### Required action
Up to and including the line that holds "Bahrain Coins - Bahrain", print the data exactly from its first line; do not print the pictures.

Start of Dataset content

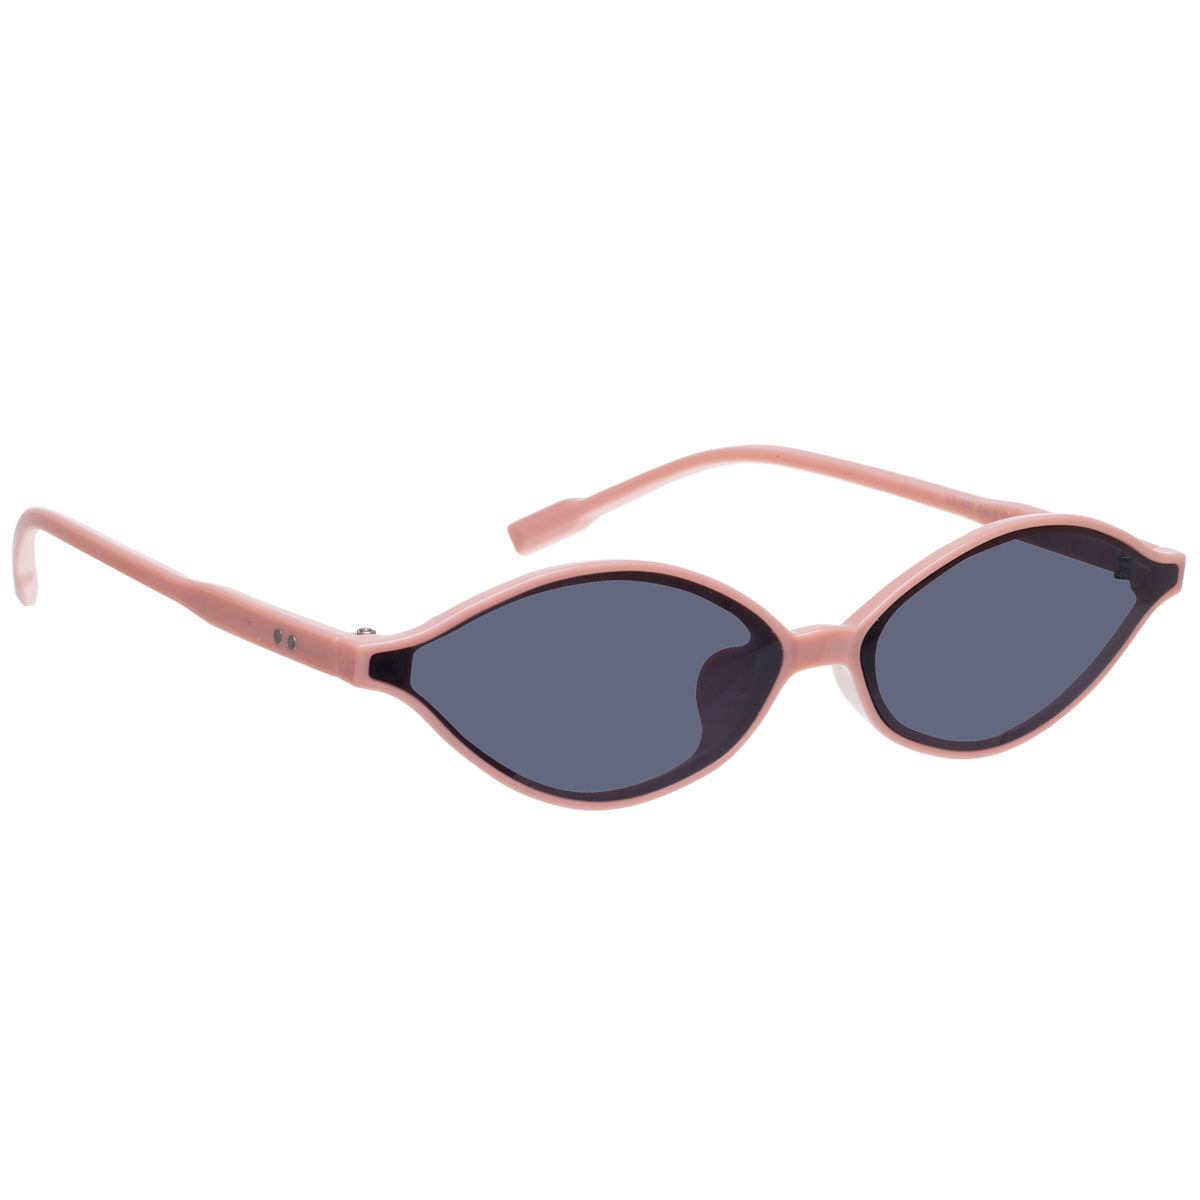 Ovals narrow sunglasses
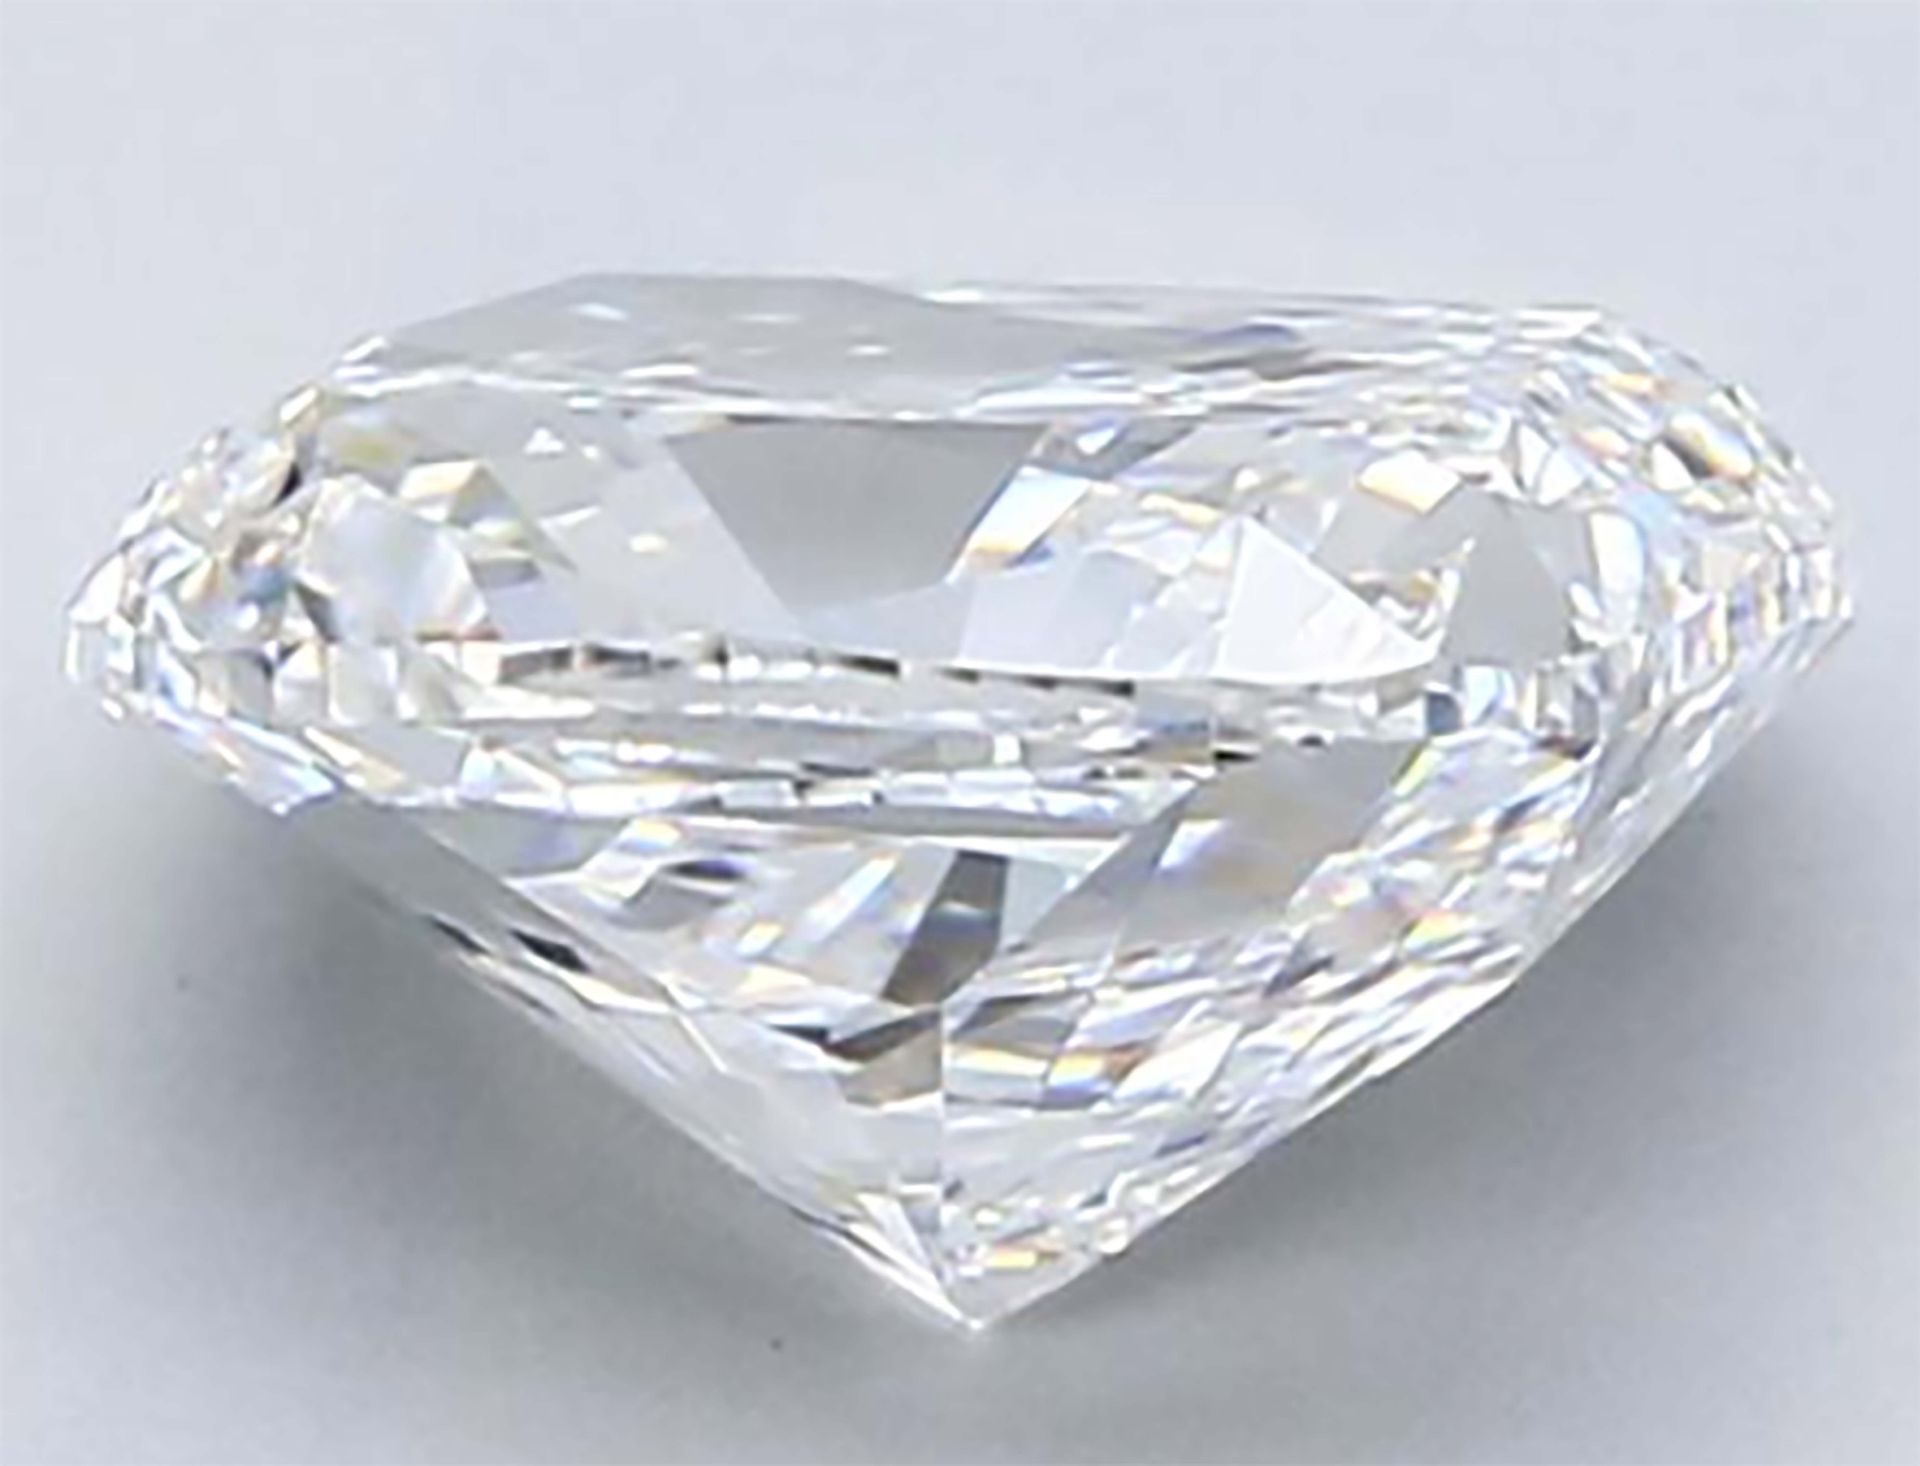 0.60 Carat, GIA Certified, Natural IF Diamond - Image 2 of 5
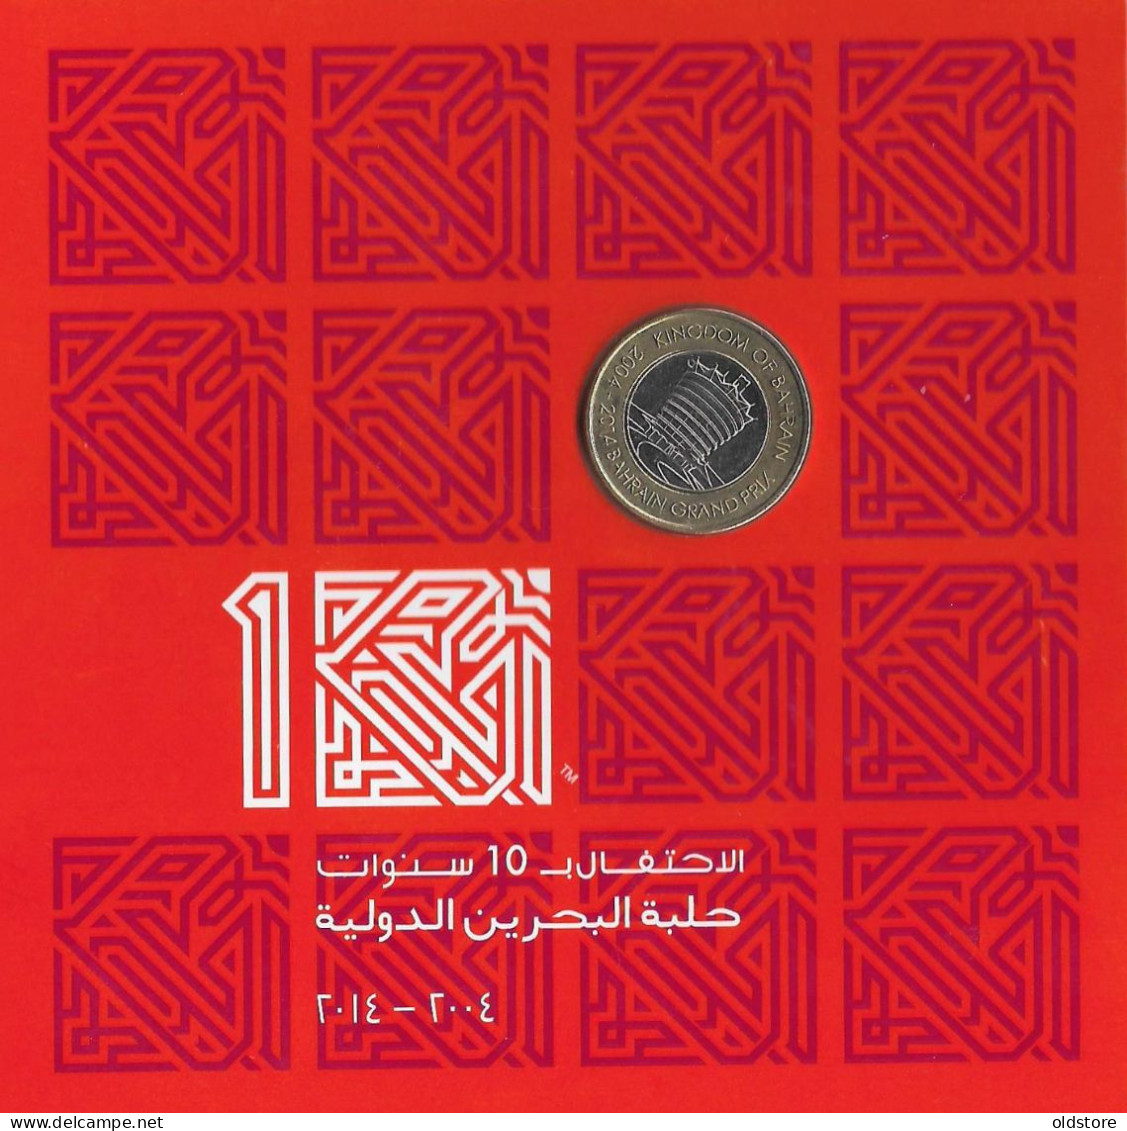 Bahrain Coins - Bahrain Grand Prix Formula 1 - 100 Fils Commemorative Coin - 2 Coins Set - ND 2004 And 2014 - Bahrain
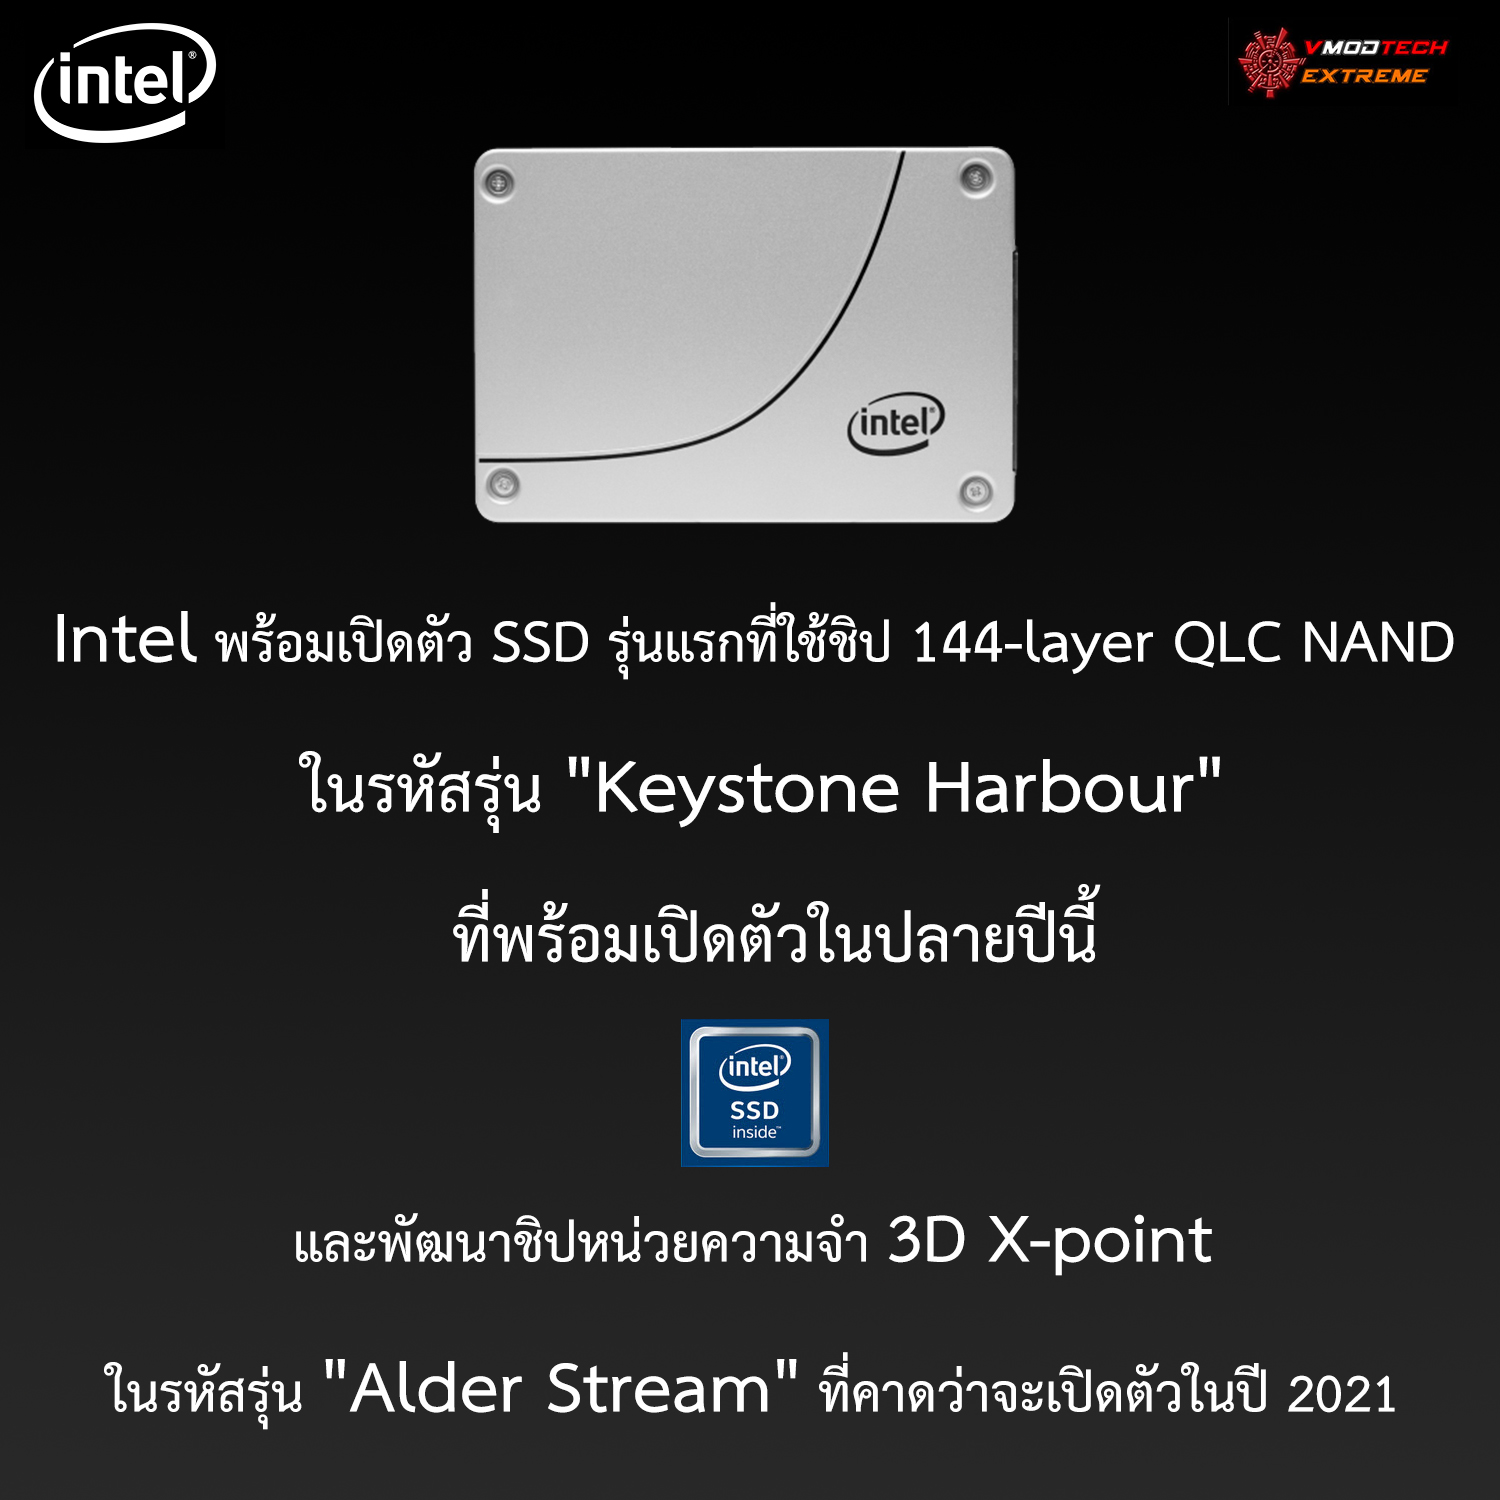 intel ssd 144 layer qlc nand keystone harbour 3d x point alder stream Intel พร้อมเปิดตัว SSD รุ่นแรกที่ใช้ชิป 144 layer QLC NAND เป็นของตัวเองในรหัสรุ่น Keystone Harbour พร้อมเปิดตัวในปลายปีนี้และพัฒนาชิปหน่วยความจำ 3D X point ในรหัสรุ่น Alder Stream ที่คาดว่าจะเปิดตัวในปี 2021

End of Dataset content

### The completed task
 Ovals narrow sunglasses
 0.60 Carat, GIA Certified, Natural IF Diamond - Image 2 of 5
 Bahrain Coins - Bahrain Grand Prix Formula 1 - 100 Fils Commemorative Coin - 2 Coins Set - ND 2004 And 2014 - Bahrain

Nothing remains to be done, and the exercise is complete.